Just looking at the install.log for example ATLAS was trying over 600 times to compile fc.c
[chris@thinkpad sage-4.7.1]$ cat install.log | grep -c "sage-4.7.1/spkg/build/atlas-3.8.3.p16/ATLAS-build/../src//tune/blas/gemm/fc.c" 648
Attatched:
install.log.lzma cat /proc/meminfo >proc_meminfo cat /proc/cpuinfo >proc_cpuinfo
Here you can see that there are some crashes in "ATLAS-build/tune/blas/":
cat /var/log/messages |grep abrt |grep "Aug 26 18" >abrt.log
I've also tried disabling cpu throttling with no effect.
sudo cpupower frequency-set -g performance
And the workaround from comment 40:
$ sudo yum install atlas atlas-devel $ rpm -q atlas atlas-3.8.4-1.fc16.x86_64 $ sudo mkdir /opt/atlas/ $ #sudo ln -s /usr/lib/atlas /opt/atlas/lib $ sudo ln -s /usr/lib64/atlas /opt/atlas/lib $ sudo mkdir /opt/atlas/include $ sudo ln -s /usr/include/atlas /opt/atlas/include/atlas $ export SAGE_ATLAS_LIB=/opt/atlas $ export MAKE="make -j6" $ make
But make will fail (see install_with_system_atlas.tar.lzma) because /opt/atlas/lib only contains shared objects and no static library files.

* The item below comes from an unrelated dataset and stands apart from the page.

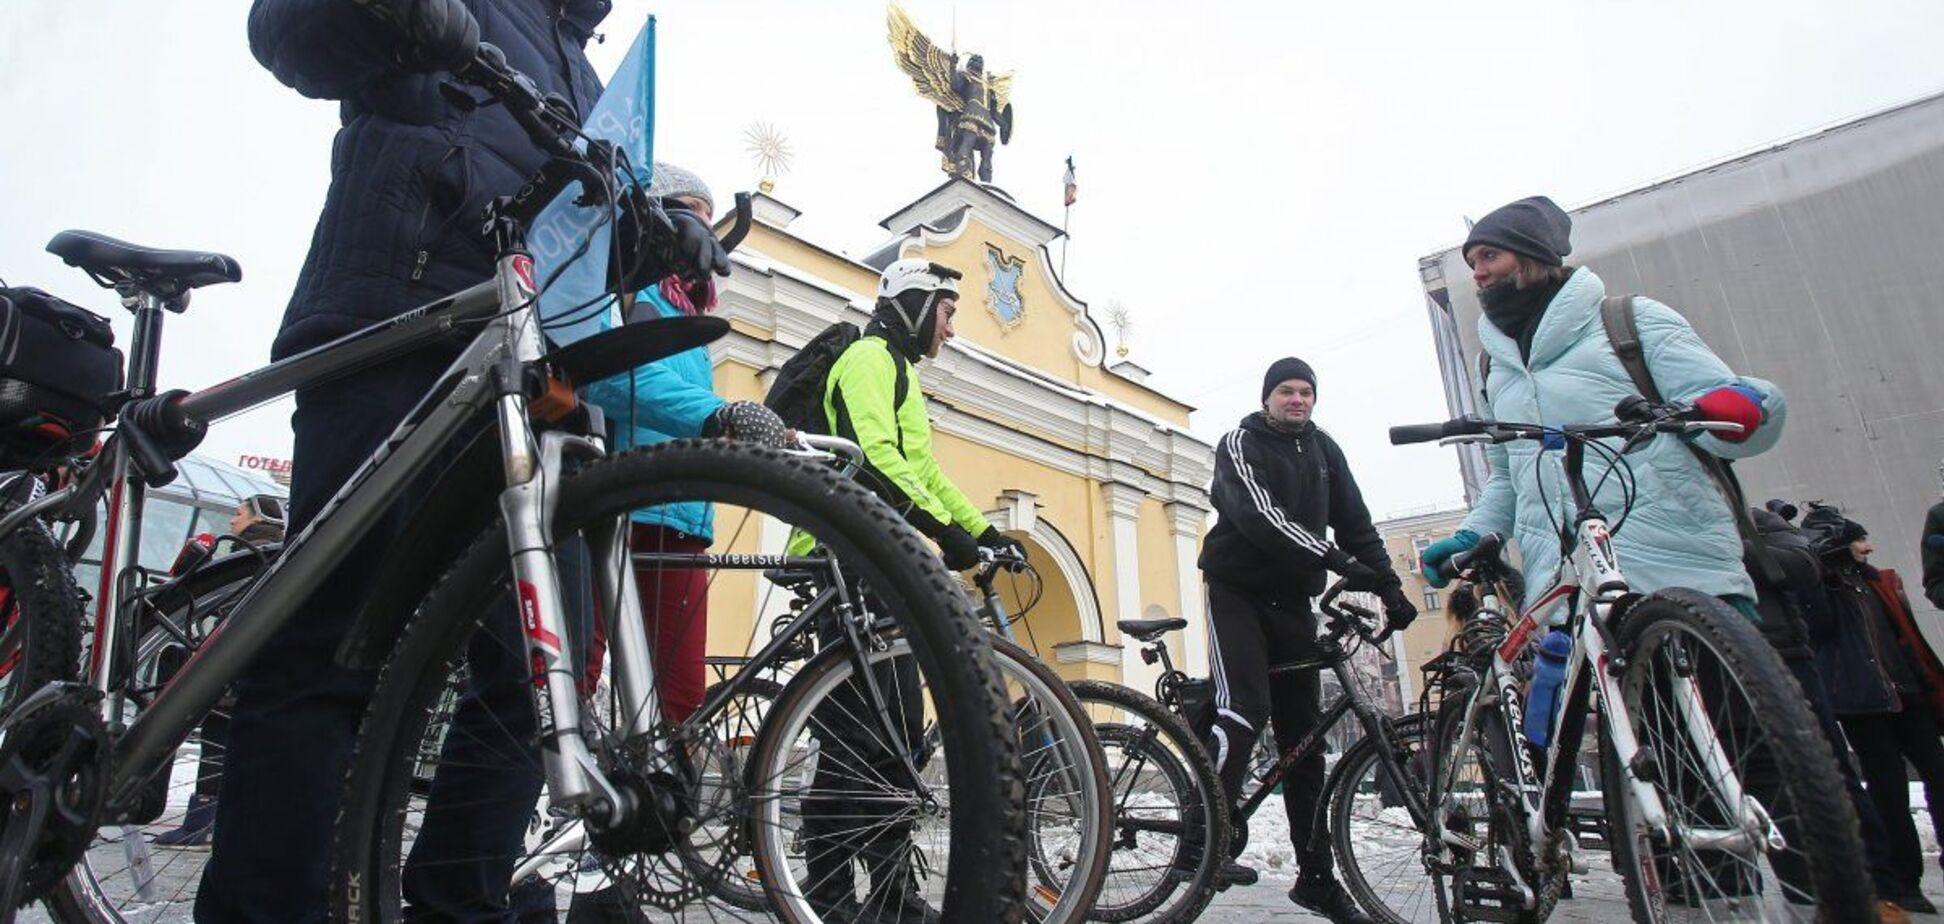 Киянам пропонують приїхати на роботу на велосипеді
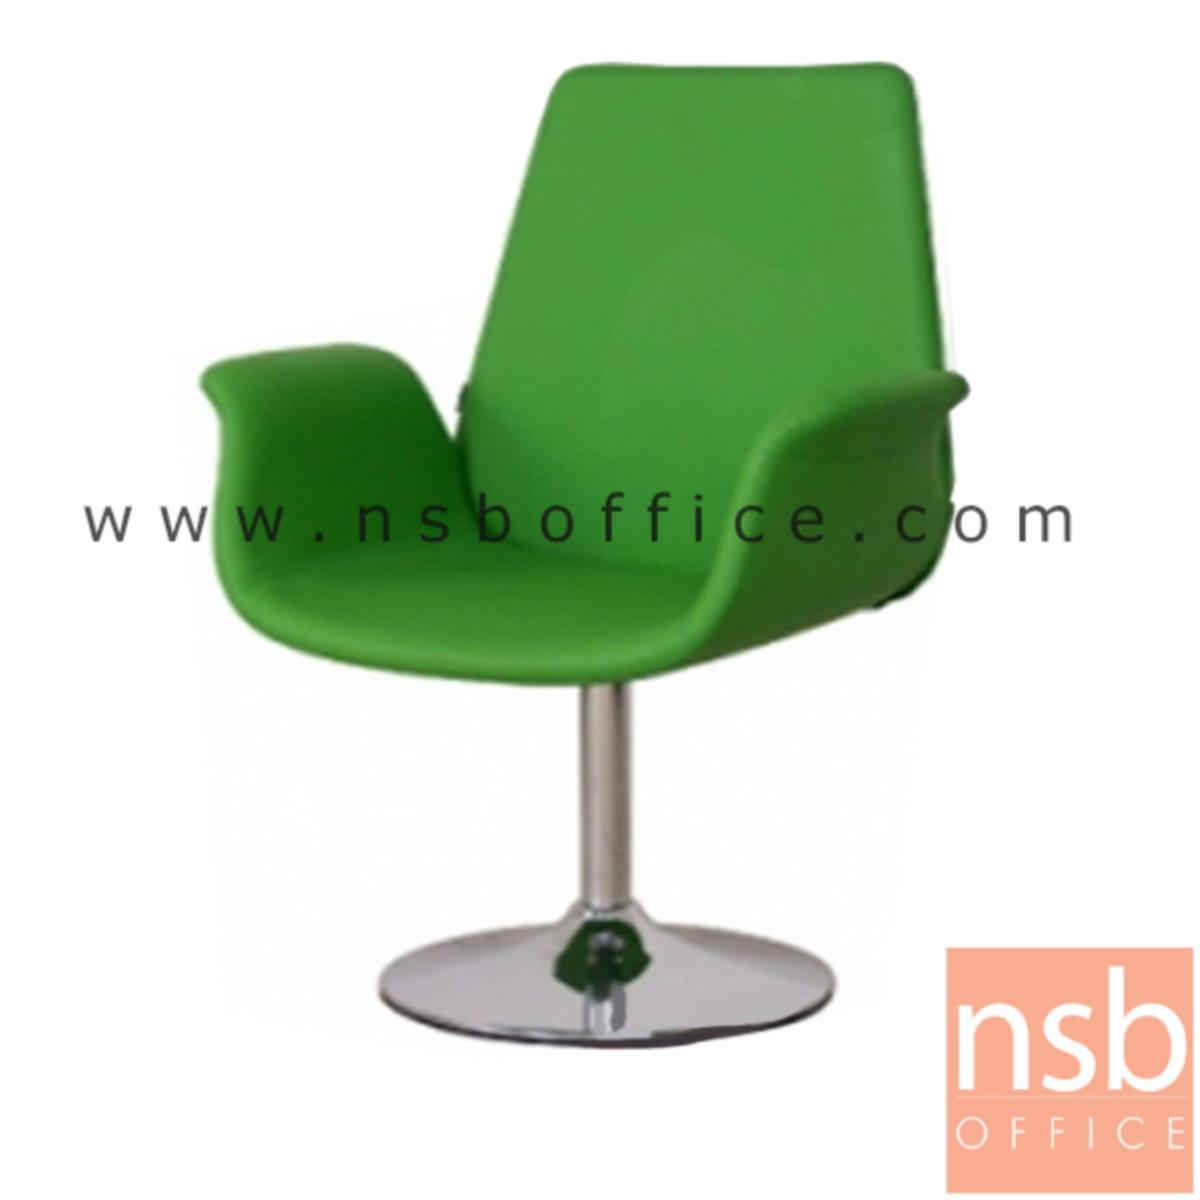 B29A227:เก้าอี้โมเดิร์นบาร์หนัง PU รุ่น MN-FANCY ขนาด 71W cm. ขาเหล็กจานกลม

"Unable to find one of liblapack.a, libcblas.a, libatlas.a or libf77blas.a in the directory /opt/atlas/lib"
$ ls /opt/atlas/lib libatlas.so libcblas.so libclapack.so libf77blas.so liblapack.so libptcblas.so libptf77blas.so libatlas.so.3 libcblas.so.3 libclapack.so.3 libf77blas.so.3 liblapack.so.3 libptcblas.so.3 libptf77blas.so.3 libatlas.so.3.0 libcblas.so.3.0 libclapack.so.3.0 libf77blas.so.3.0 liblapack.so.3.0 libptcblas.so.3.0 libptf77blas.so.3.0
What should I do next? If you need more information to fix this bug please ask.
chris
Changed 11 years ago by
Changed 11 years ago by
Changed 11 years ago by
Changed 11 years ago by
Changed 11 years ago by
comment:48 Changed 11 years ago by
Can you try the new atlas spkg, which is included in Sage-4.7.2.alpha1 or higher? This will at the very least let you use the system-wide atlas install.
comment:49 Changed 11 years ago by
OK. Thanks I've updated ATLAS and now the system-wide atlas install works but the ATLAS build will still go into a loop.
$ wget http://boxen.math.washington.edu/home/release/sage-4.7.2.alpha2/sage-4.7.2.alpha2/spkg/standard/atlas-3.8.4.spkg $ cp atlas-3.8.4.spkg ~/excluded/sage-4.7.1/spkg/standard/
chris
comment:50 Changed 9 years ago by
- Milestone changed from sage-5.10 to sage-duplicate/invalid/wontfix
- Resolution set to worksforme
- Reviewers set to Jeroen Demeyer
- Status changed from new to closed
It's not clear whether there really is a problem, I don't know any recent reports of this. Many people have claimed that ATLAS goes into an infinite loop, but in reality they are just too impatient to wait for ATLAS to finish compiling.
In what version of Sage did you find this problem?
What was your most recent build of Sage that built without this problem?